Plc1p is required for SAGA recruitment and derepression of Sko1p-regulated genes.

作者信息

Guha Nilanjan, Desai Parima, Vancura Ales

机构信息

Department of Biological Sciences, St. John's University, Queens, NY 11439, USA.

出版信息

Mol Biol Cell. 2007 Jul;18(7):2419-28. doi: 10.1091/mbc.e06-10-0946. Epub 2007 Apr 11.

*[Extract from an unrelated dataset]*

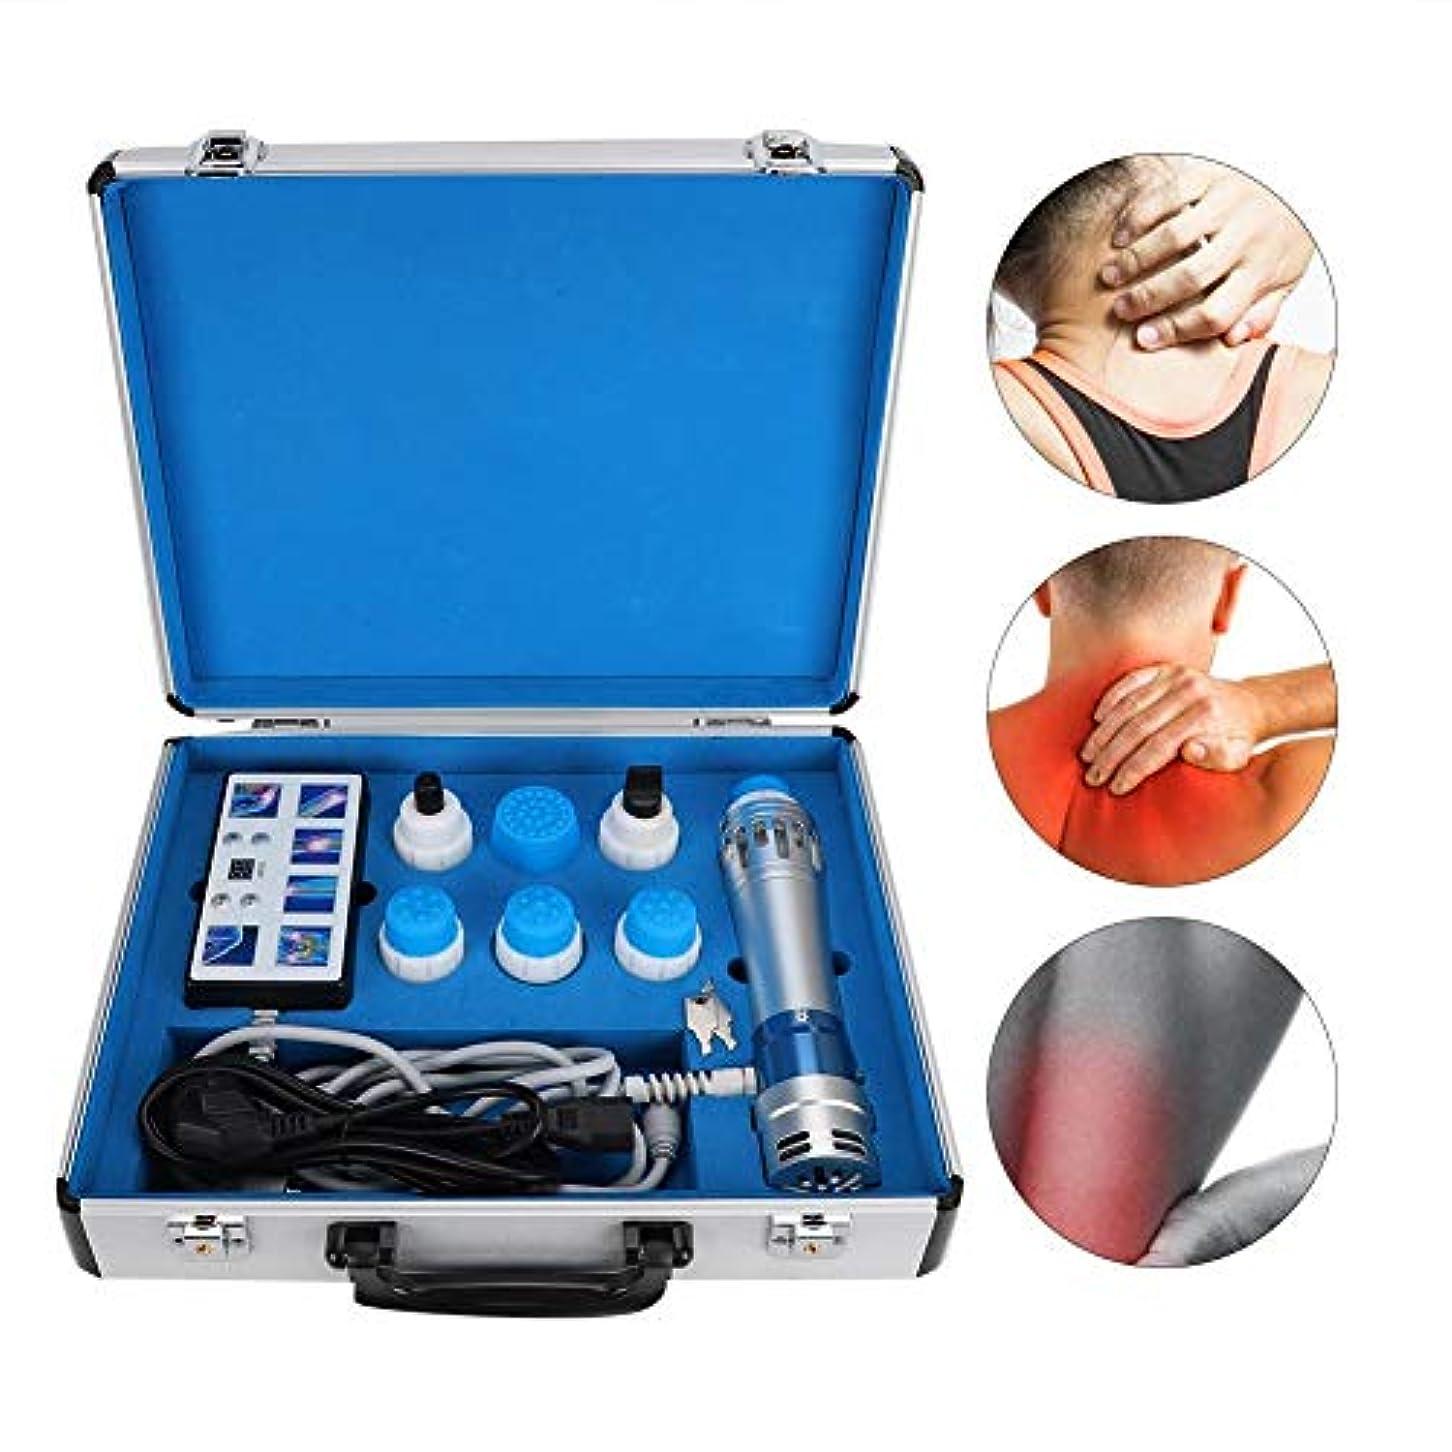 セーブ展開する許可するED体外衝撃波治療器、多機能疼痛緩和マッサージ器(USプラグ110V)
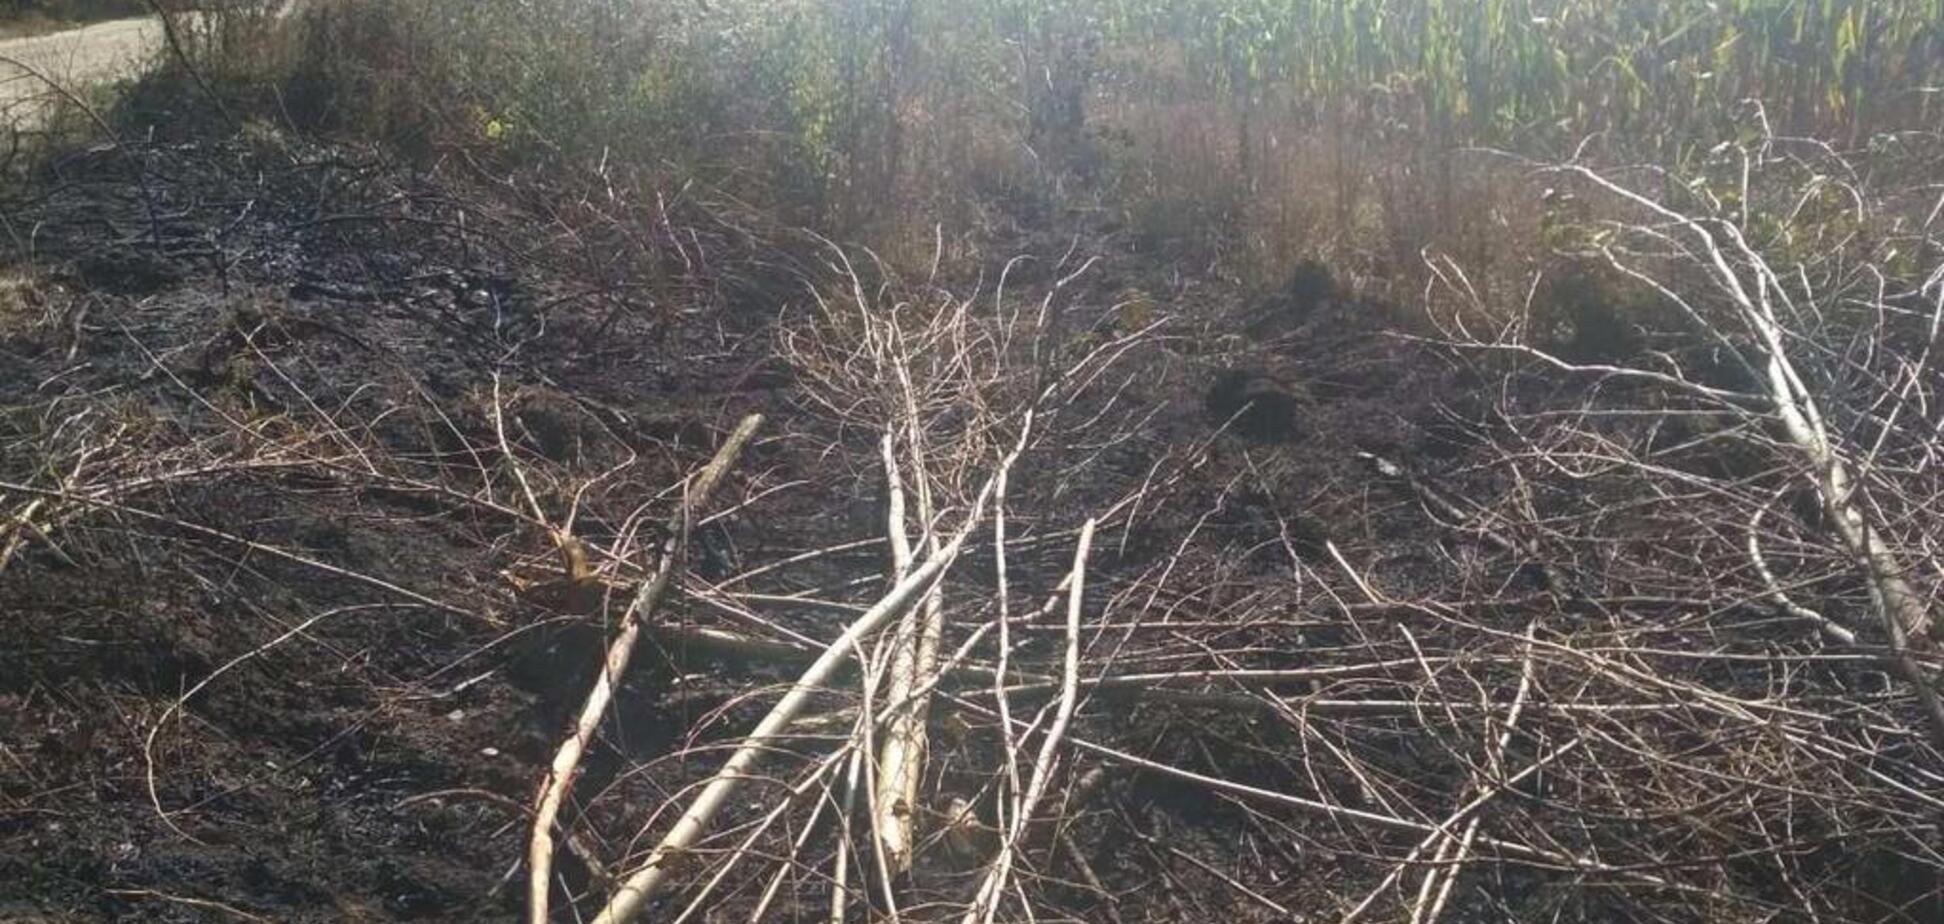 На Київщині через загоряння сухої трави загинули дві особи: всі деталі

DOI:10.1091/mbc.e06-10-0946
PMID:17429070
原文链接:https://pmc.ncbi.nlm.nih.gov/articles/PMC1924823/
Abstract

In Saccharomyces cerevisiae, many osmotically inducible genes are regulated by the Sko1p-Ssn6p-Tup1p complex. On osmotic shock, the MAP kinase Hog1p associates with this complex, phosphorylates Sko1p, and converts it into an activator that subsequently recruits Swi/Snf and SAGA complexes. We have found that phospholipase C (Plc1p encoded by PLC1) is required for derepression of Sko1p-Ssn6p-Tup1p-controlled osmoinducible genes upon osmotic shock. Although plc1Delta mutation affects the assembly of the preinitiation complex after osmotic shock, it does not affect the recruitment of Hog1p and Swi/Snf complex at these promoters. However, Plc1p facilitates osmotic shock-induced recruitment of the SAGA complex. Like plc1Delta cells, SAGA mutants are osmosensitive and display compromised expression of osmotically inducible genes. The reduced binding of SAGA to Sko1p-Ssn6p-Tup1p-repressed promoters in plc1Delta cells does not correlate with reduced histone acetylation. However, SAGA functions at these promoters to facilitate recruitment of the TATA-binding protein. The results thus provide evidence that Plc1p and inositol polyphosphates affect derepression of Sko1p-Ssn6p-Tup1p-controlled genes by a mechanism that involves recruitment of the SAGA complex and TATA-binding protein.

摘要

在酿酒酵母中,许多渗透诱导基因受Sko1p-Ssn6p-Tup1p复合物调控。在渗透应激时,丝裂原活化蛋白激酶Hog1p与该复合物结合,使Sko1p磷酸化,并将其转化为激活剂,随后该激活剂招募Swi/Snf和SAGA复合物。我们发现,磷脂酶C(由PLC1编码的Plc1p)是渗透应激时Sko1p-Ssn6p-Tup1p控制的渗透诱导基因去阻遏所必需的。尽管plc1Δ突变影响渗透应激后起始前复合物的组装,但它不影响Hog1p和Swi/Snf复合物在这些启动子处的招募。然而,Plc1p促进渗透应激诱导的SAGA复合物的招募。与plc1Δ细胞一样,SAGA突变体对渗透敏感,并且渗透诱导基因的表达受损。plc1Δ细胞中SAGA与Sko1p-Ssn6p-Tup1p抑制的启动子结合减少与组蛋白乙酰化减少无关。然而,SAGA在这些启动子处发挥作用以促进TATA结合蛋白的招募。因此,结果提供了证据表明Plc1p和肌醇多磷酸通过涉及招募SAGA复合物和TATA结合蛋白的机制影响Sko1p-Ssn6p-Tup1p控制基因的去阻遏。